* _INSTRUCTIONS FOR THE TASK_: Here, set down only the lines between the line that contains "Gesetzblatt (GBl.) der" and the final line of the material, both included, exactly as written. Skip the pictures.

* _GIVEN MATERIAL_:
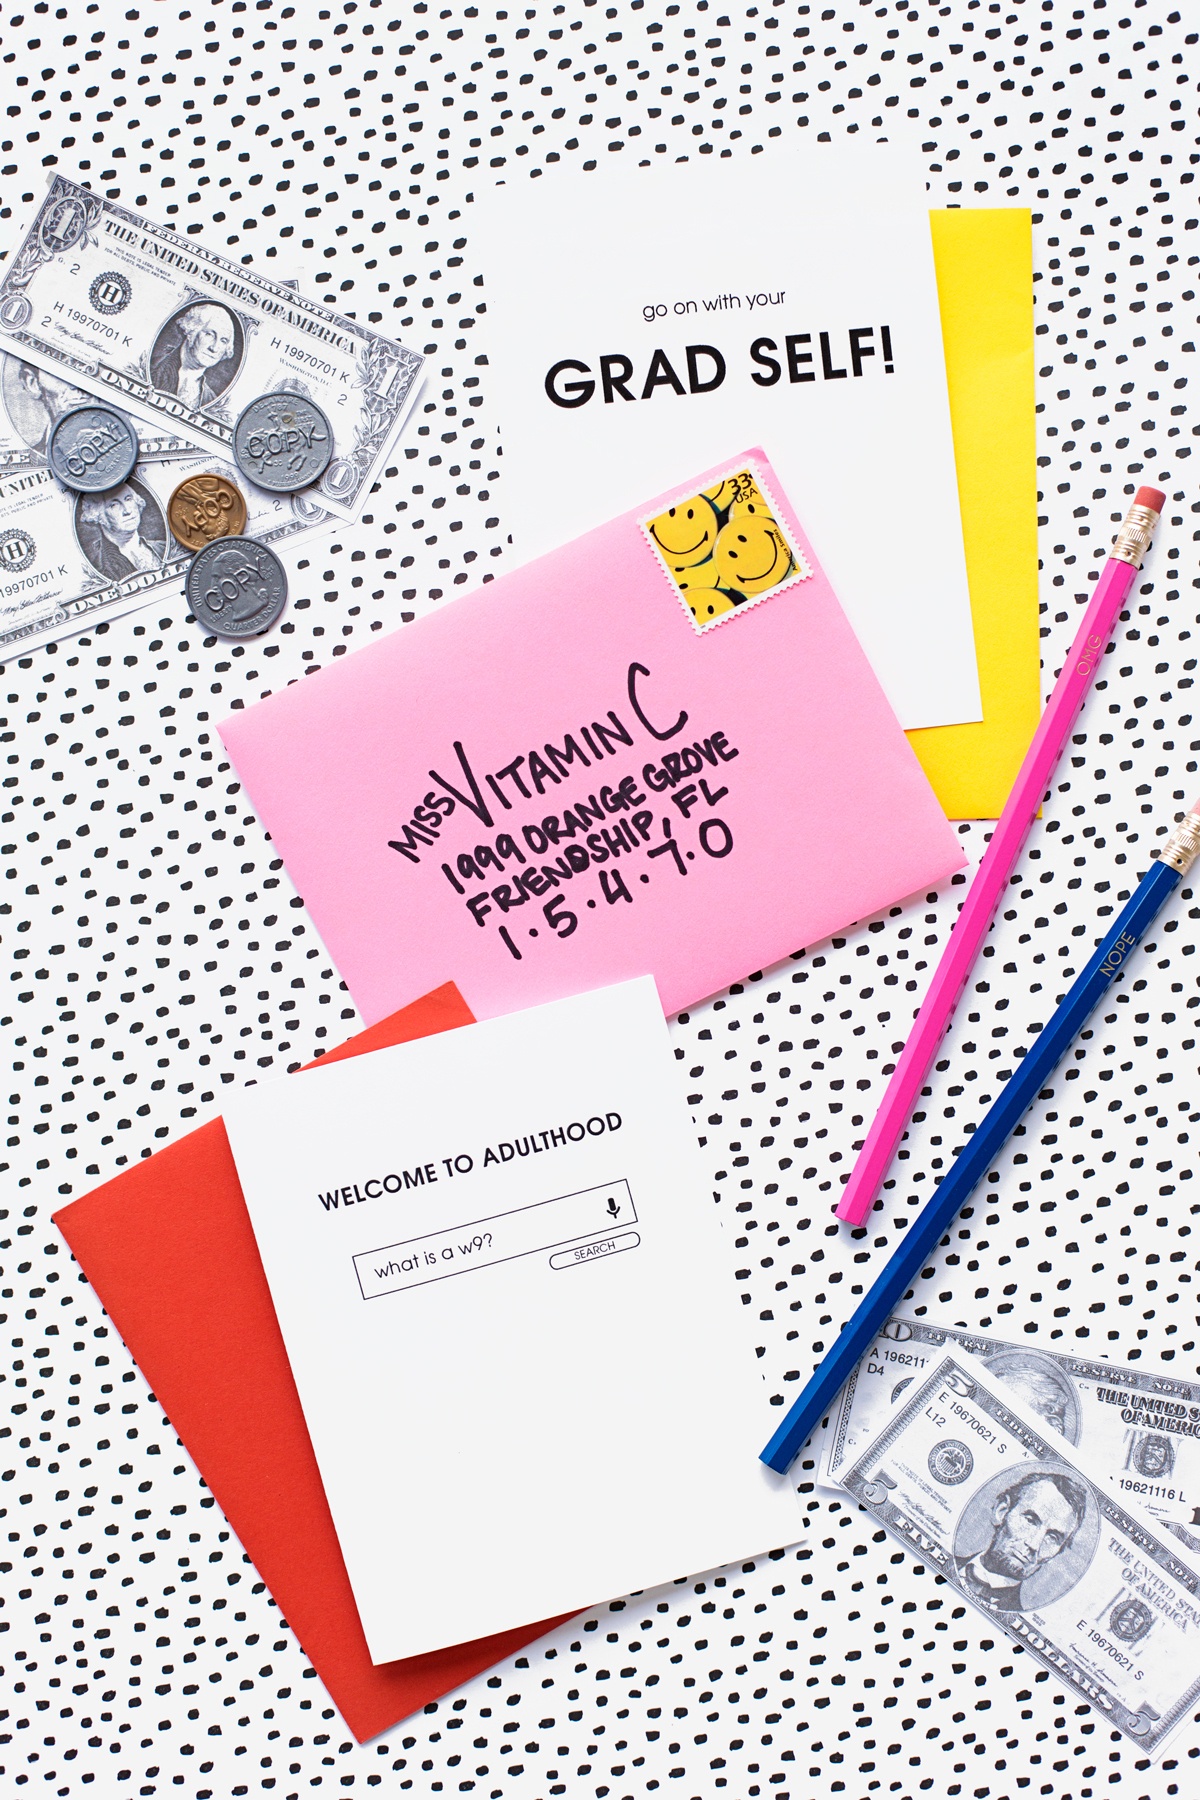 Welcome To Adulthood: Free Printable Graduation Cards - Studio Diy - Free Printable Welcome Cards
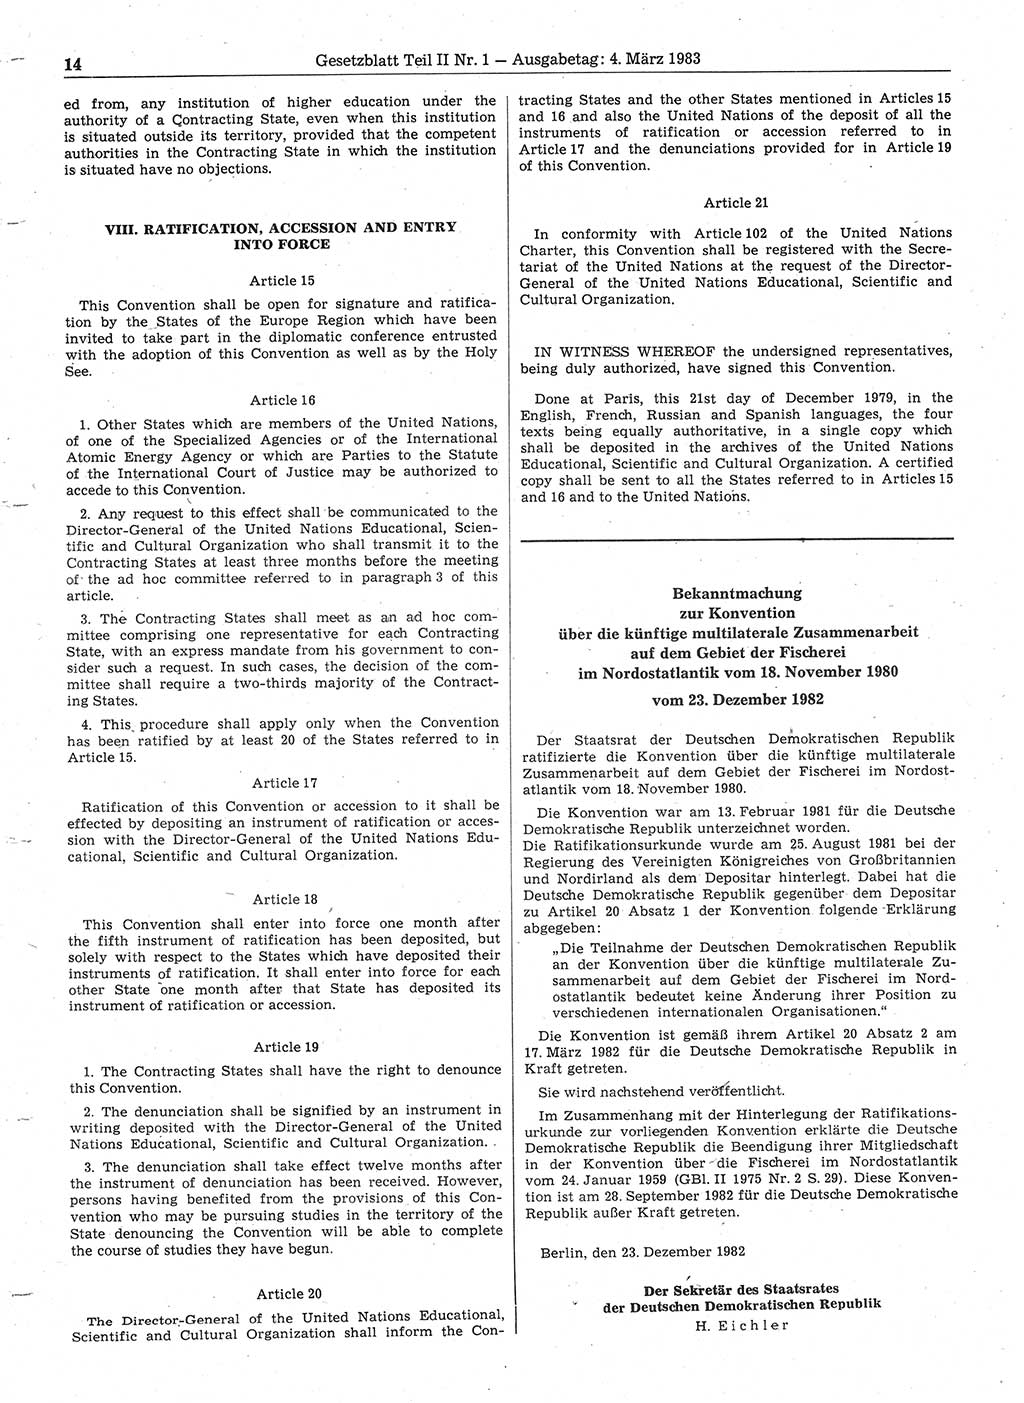 Gesetzblatt (GBl.) der Deutschen Demokratischen Republik (DDR) Teil ⅠⅠ 1983, Seite 14 (GBl. DDR ⅠⅠ 1983, S. 14)
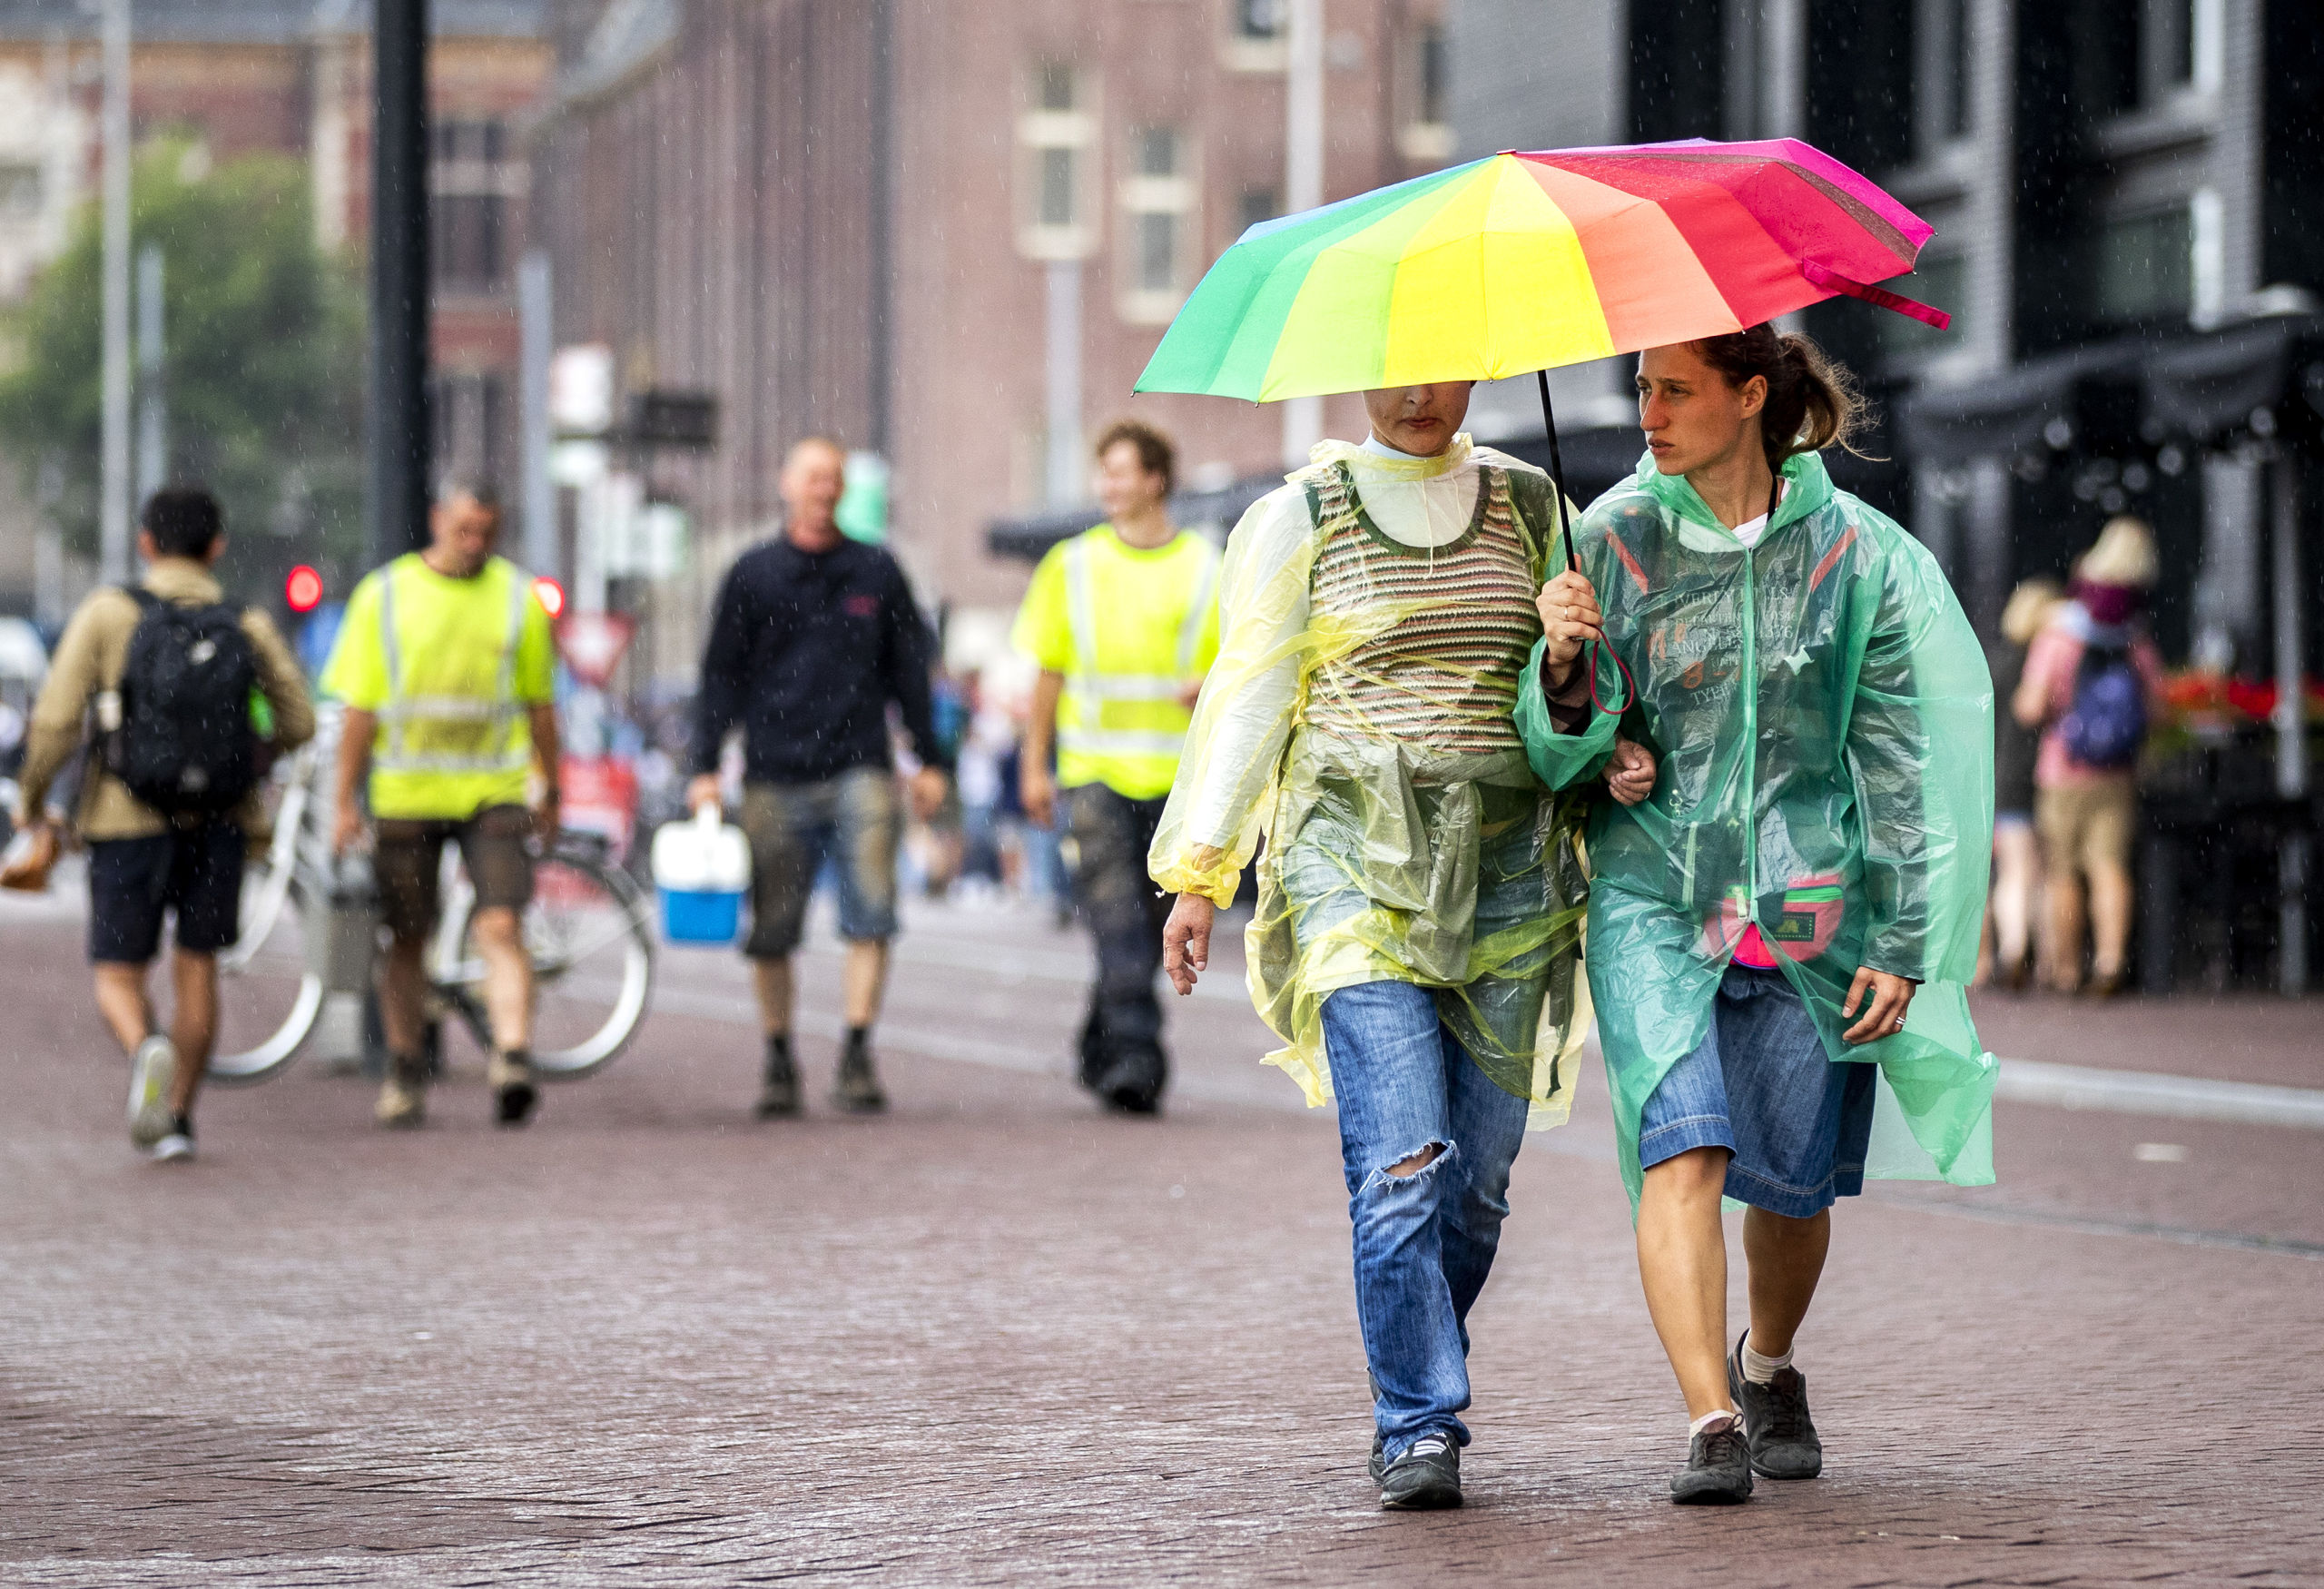 2018-08-09 15:31:47 AMSTERDAM - Toeristen en Amsterdammers in de regen. Na een lange periode van droog weer valt er op veel plaatsen veel regen. ANP REMKO DE WAAL
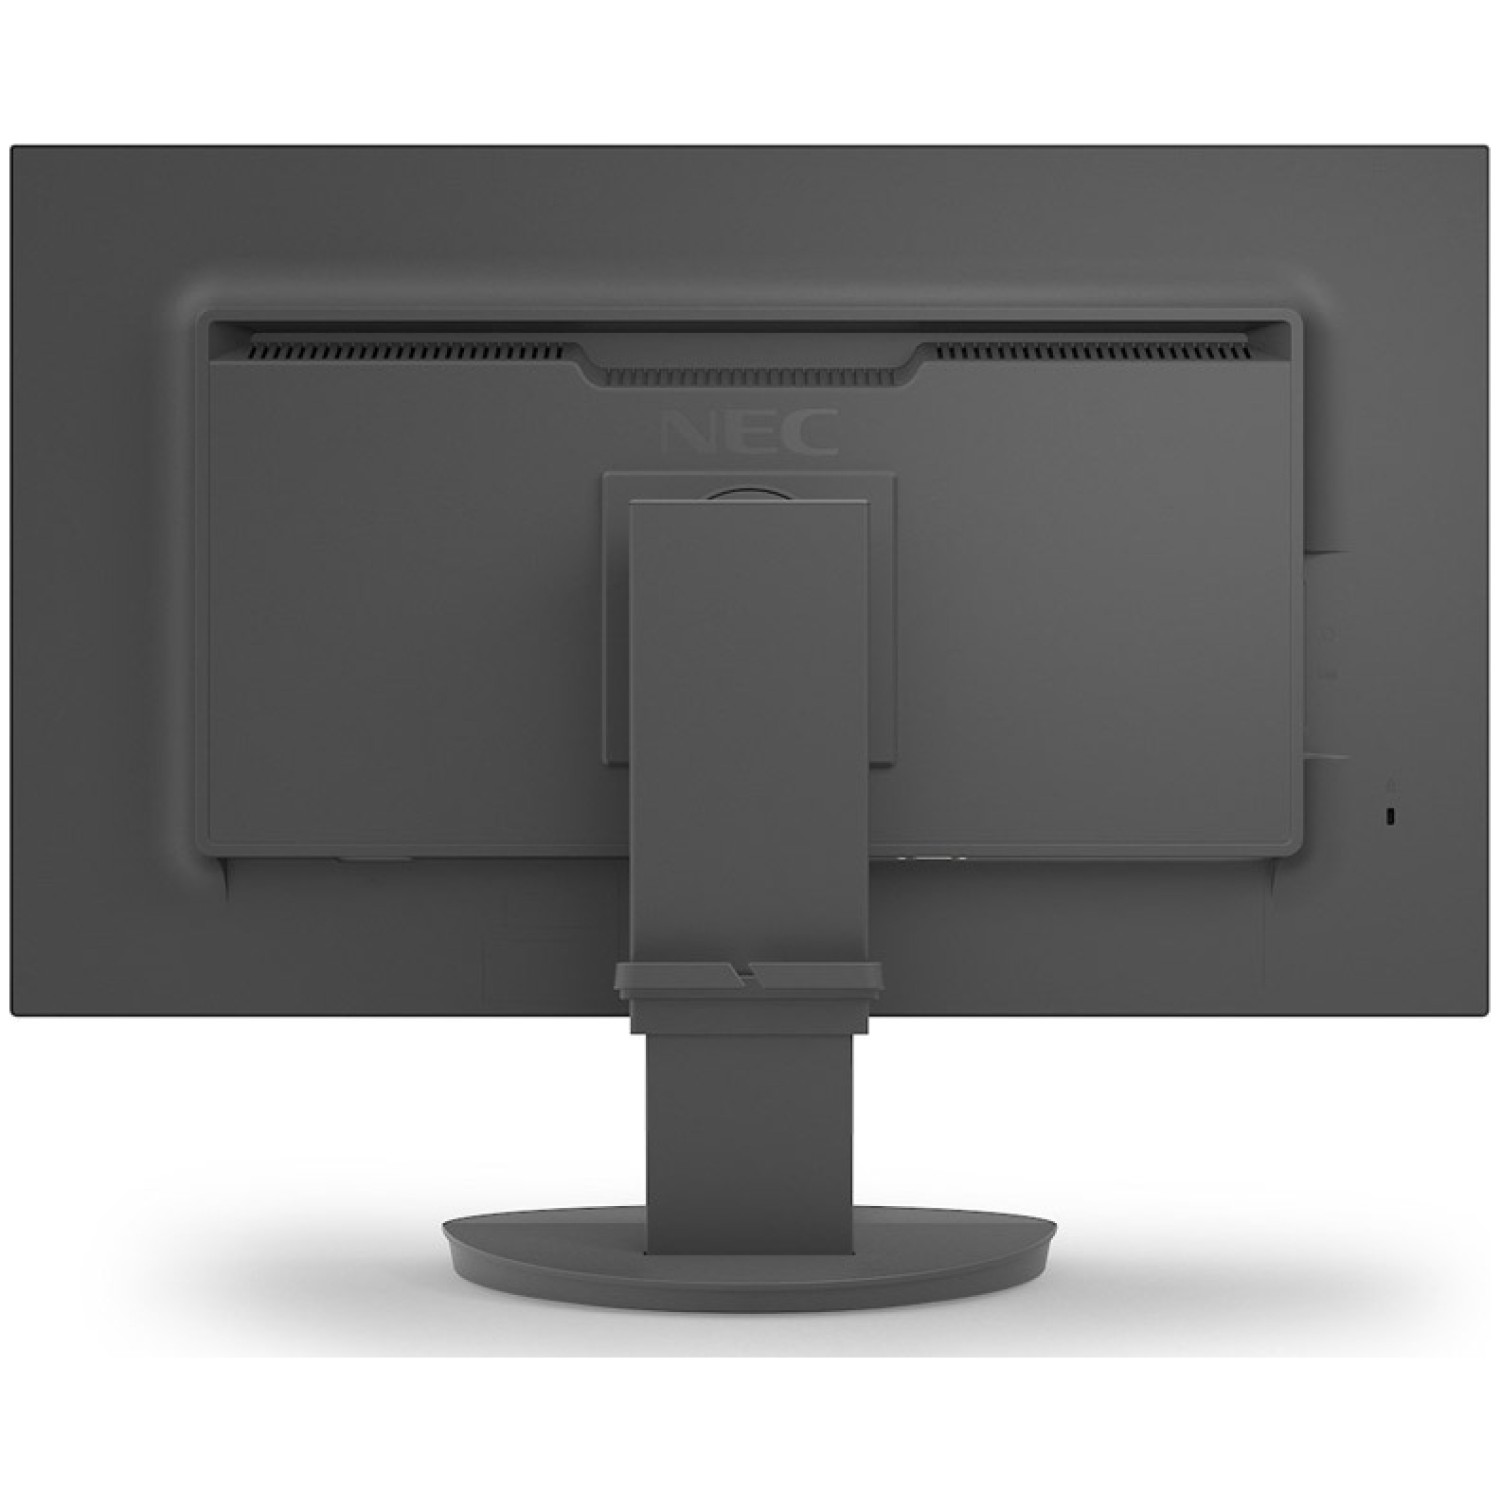 47cm (24") FHD IPS LED LCD zvočniki monitor

* _YOUR RESPONSE_:
 Gesetzblatt (GBl.) der Deutschen Demokratischen Republik (DDR) Teil ⅠⅠ 1983, Seite 14 (GBl. DDR ⅠⅠ 1983, S. 14)
 2018-08-09 15:31:47 AMSTERDAM - Toeristen en Amsterdammers in de regen. Na een lange periode van droog weer valt er op veel plaatsen veel regen. ANP REMKO DE WAAL
 47cm (24") FHD IPS LED LCD zvočniki monitor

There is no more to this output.